La production actuelle est faite par l'organisation de la famille paysanne pour obtenir
les aliments de base. Elle est soutenue par certains caractères culturels ancestraux, avec
l'utilisation de techniques de production harmonieuse et de mécanisme d'assistance mutuelle qui
lui permettent de se maintenir dans le temps. Il n’y a pas en réalité une différenciation ethnique
et culturelle dans la paysannerie haïtienne. Il s’agit des petites exploitations familiales avec un
modèle de gestion agro écologique, généralement des types de production biologique avec
l’utilisation principalement des engrais verts, d'autres impliquent une dynamique de production
plus intensive combinant l'utilisation des intrants organiques et chimiques. L'utilisation de
produits chimiques se fait pour certaines cultures comme le chou, le poivre et la banane.

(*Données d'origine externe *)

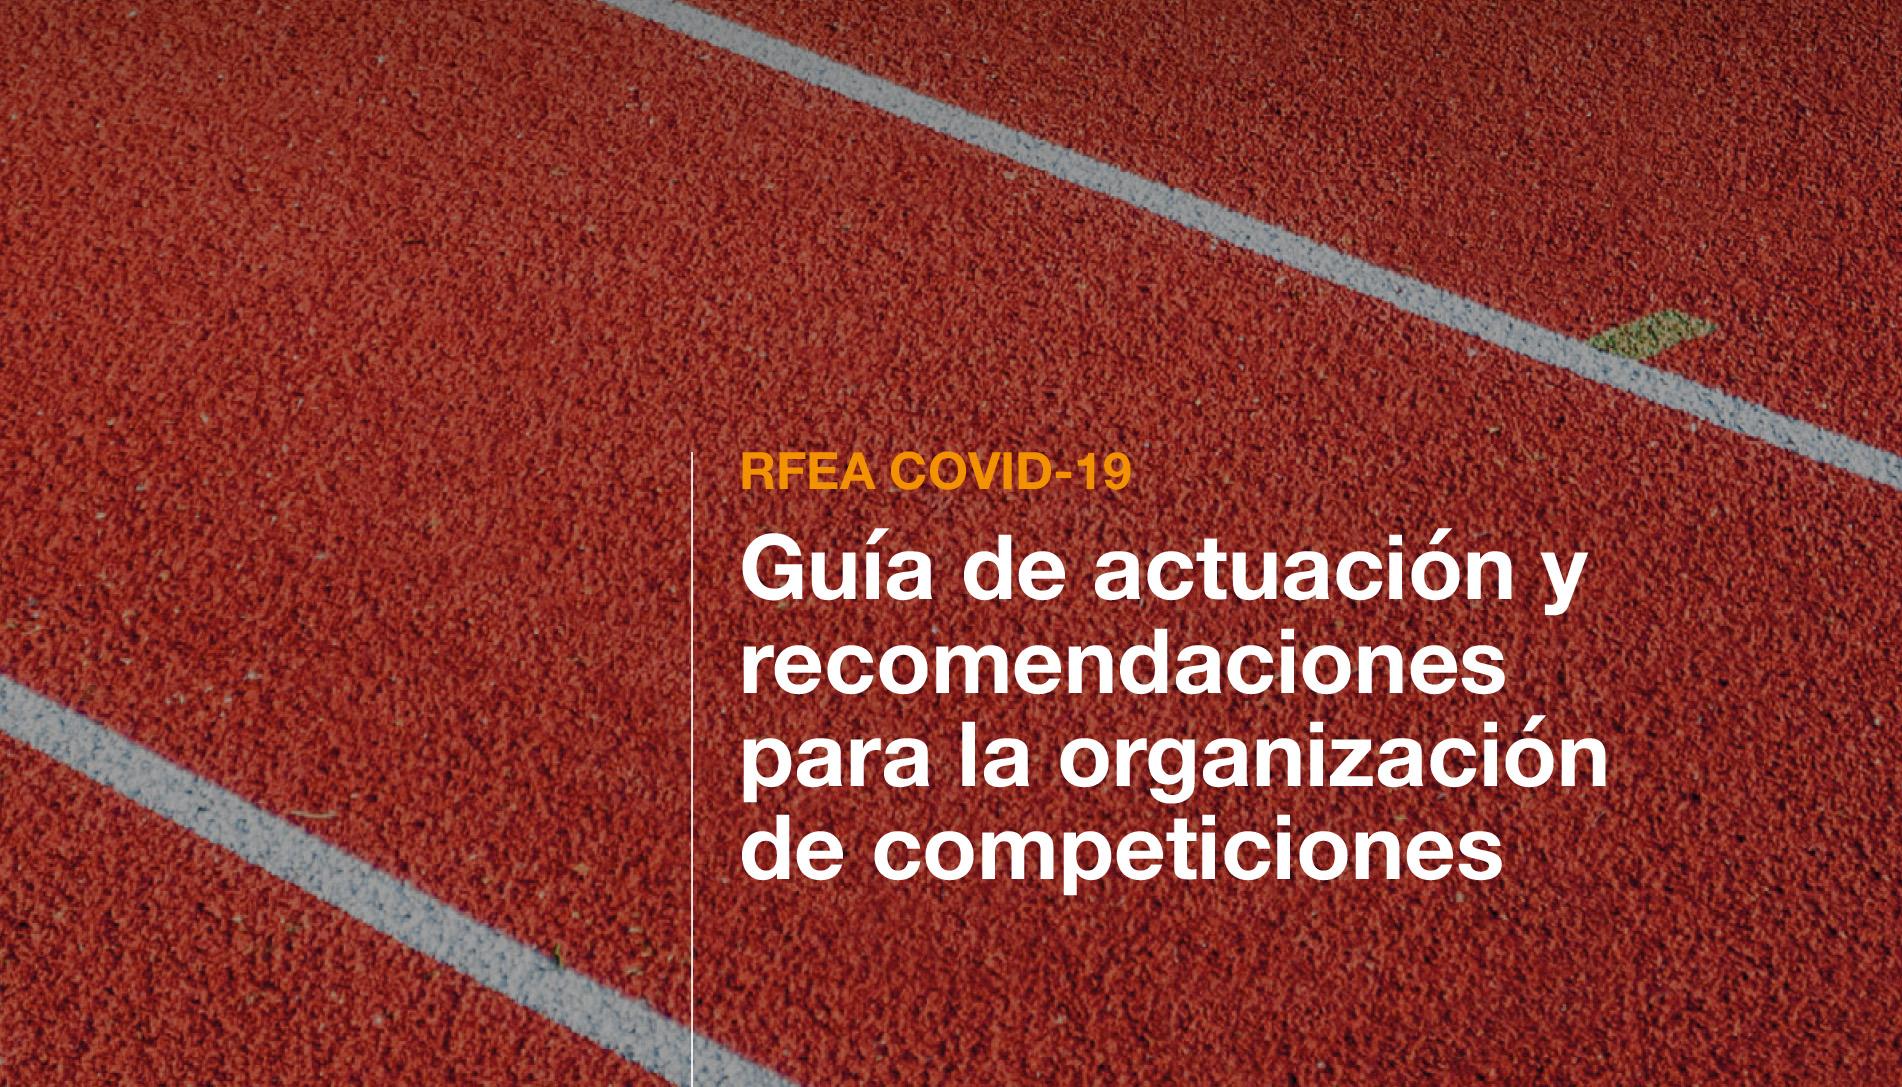 GUIA RECOMENDACIONES RFEA COVID ORGANIZACION COMPETICIONES

Habituellement on trouve des exploitations qui n’ont jamais utilisé des engrais chimiques, alors
qu'il en existe d'autres avec utilisation abusive motivée par l’infertilité progressive du sol qui,
n’étant jamais au repos, ne peut se régénérer pour assurer le rendement attendu.

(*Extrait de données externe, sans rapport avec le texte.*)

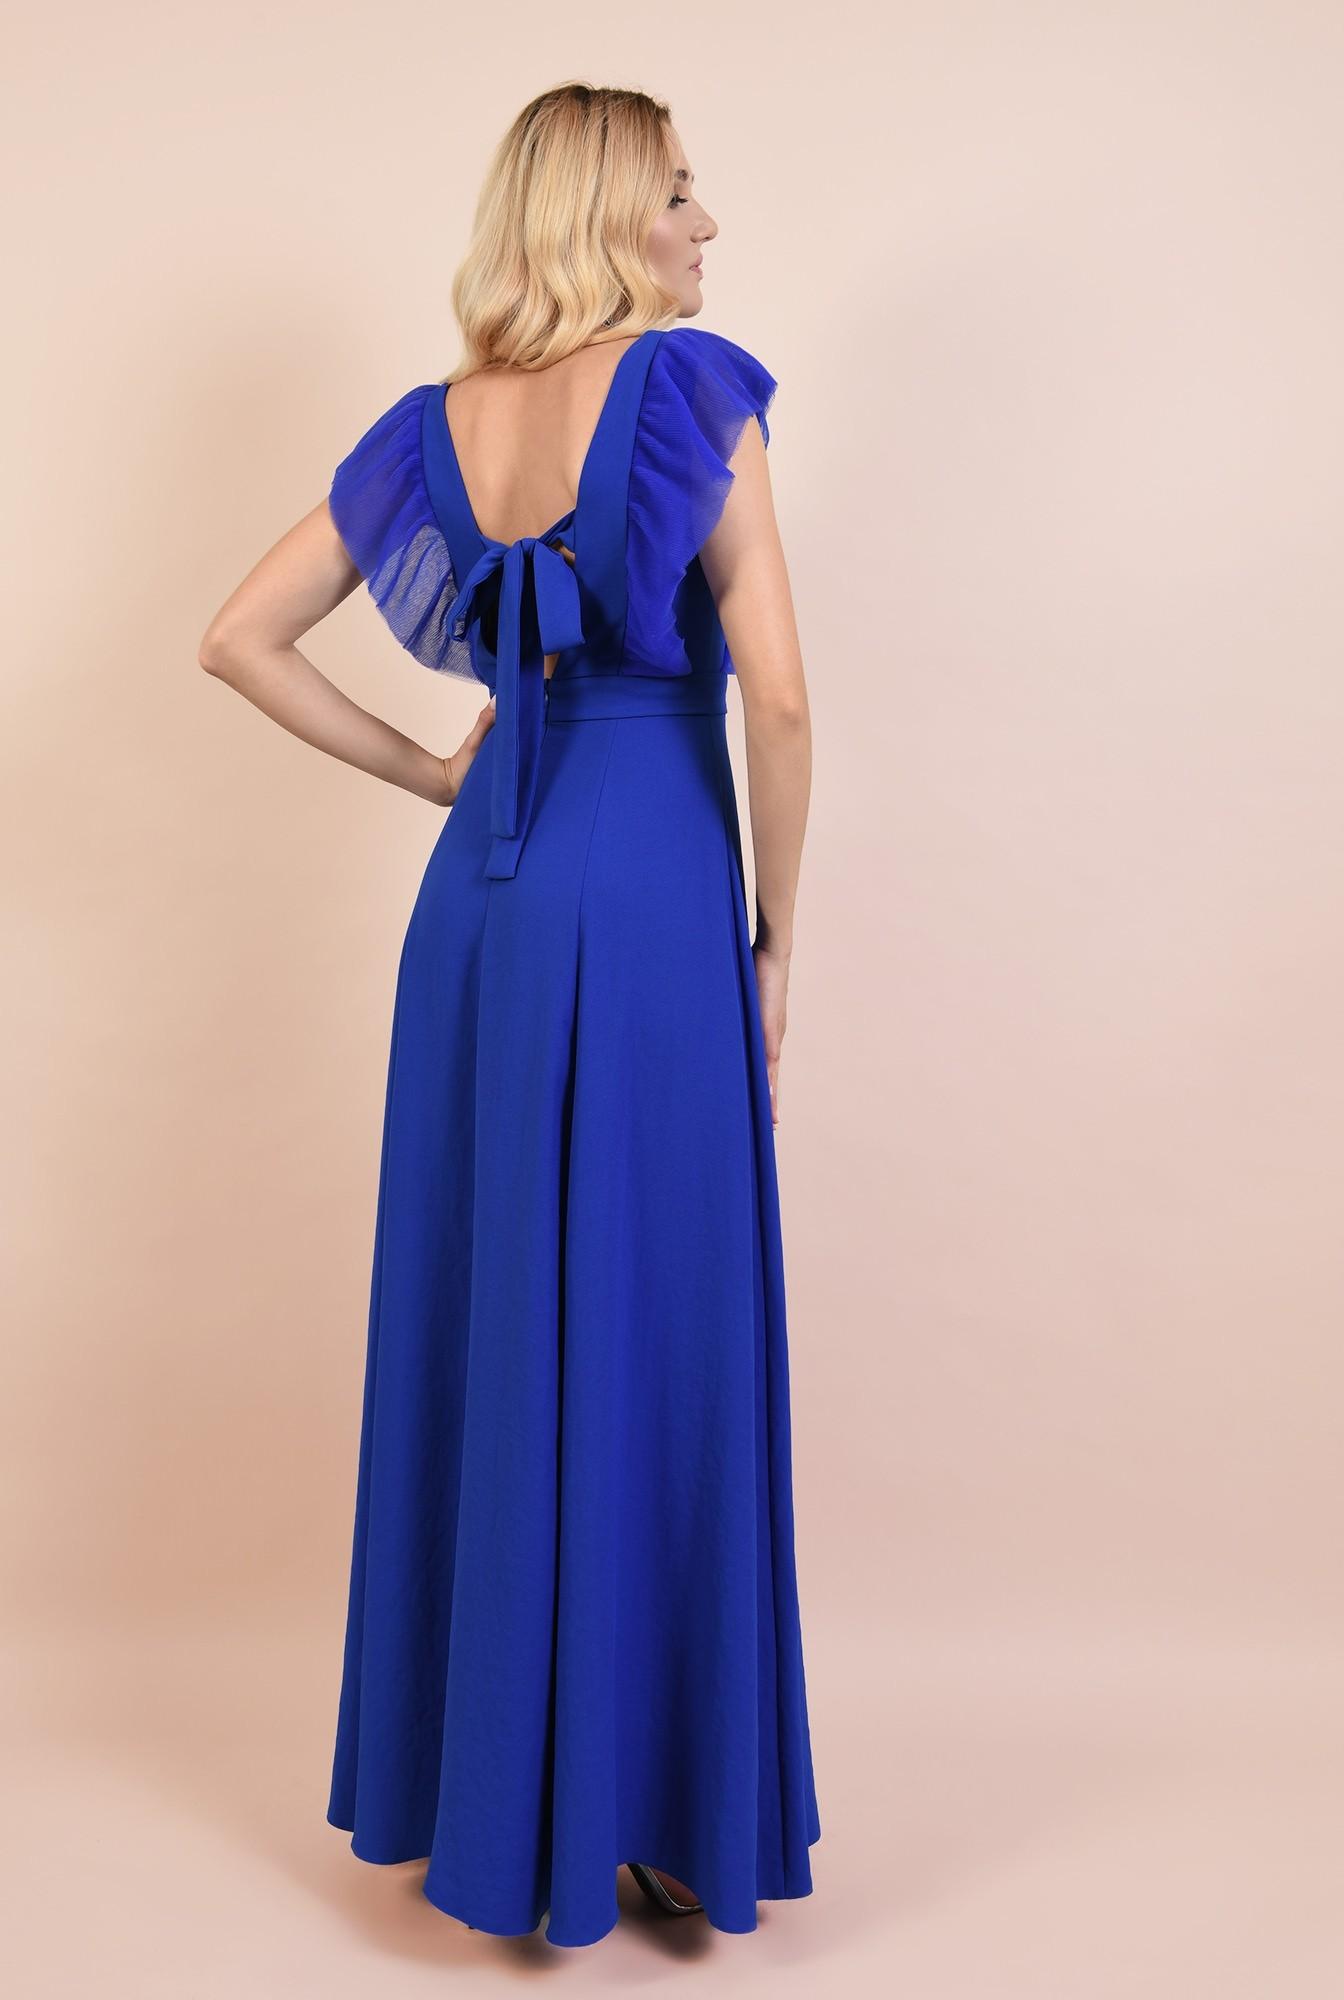 1 - rochie eleganta, lunga, cu anchior, slit, funda la spate

Les participants aux focus groupes considèrent l'agriculture comme un tout, une
combinaison symbiotique entre la production agricole et l'élevage, entre les espèces, sur la base
d'une rationalité reproductive. La production paysanne est manuelle avec utilisation des outils
légers et traditionnels. Elle est très dépendante des conditions pluviométriques et est basée sur la
gestion des connaissances ancestrales comme le cycle lunaire, les variations de l’activité solaire,
le vent etc. On rencontre des modèles exploitations de plus de cent ans et qui restent intacts. Il est
fort difficile de trouver la monoculture au niveau des exploitations familiales à Cap-Rouge, elles
sont généralement munies de cultures associées dans des zones écologiquement différentes où les
cultures ont un comportement et développement différents.

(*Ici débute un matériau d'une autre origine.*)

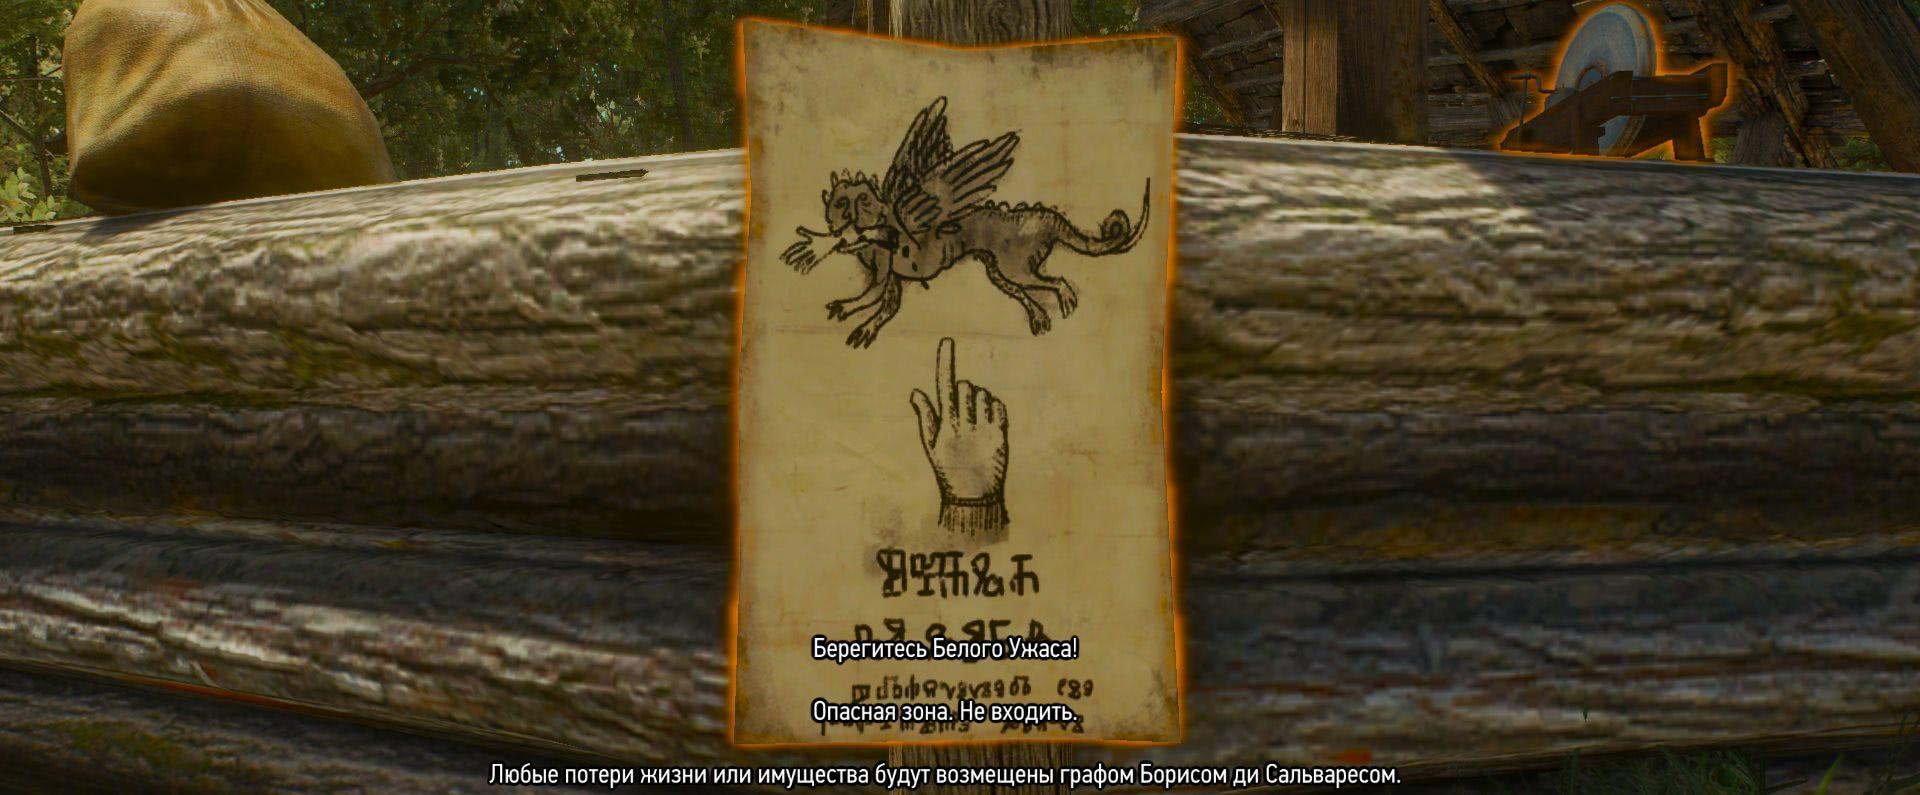 witcher3 Равновесие в природе2

Dans cette forme de production paysanne, se caractérise la pluralité, en réponse à un
modèle de consommation diversifiée en calories, protéines et vitamines. Pour cela, il existe une
association des cultures de céréales, de tubercules, de légumineuses et d'élevage tels que
volailles, porc, bœuf, chèvre, ect. Cette forme de production actuelle à Cap-rouge n’est pas
différente de ce que Marcel Mazoyer a décrit dans son texte « La brève histoire de l'agriculture".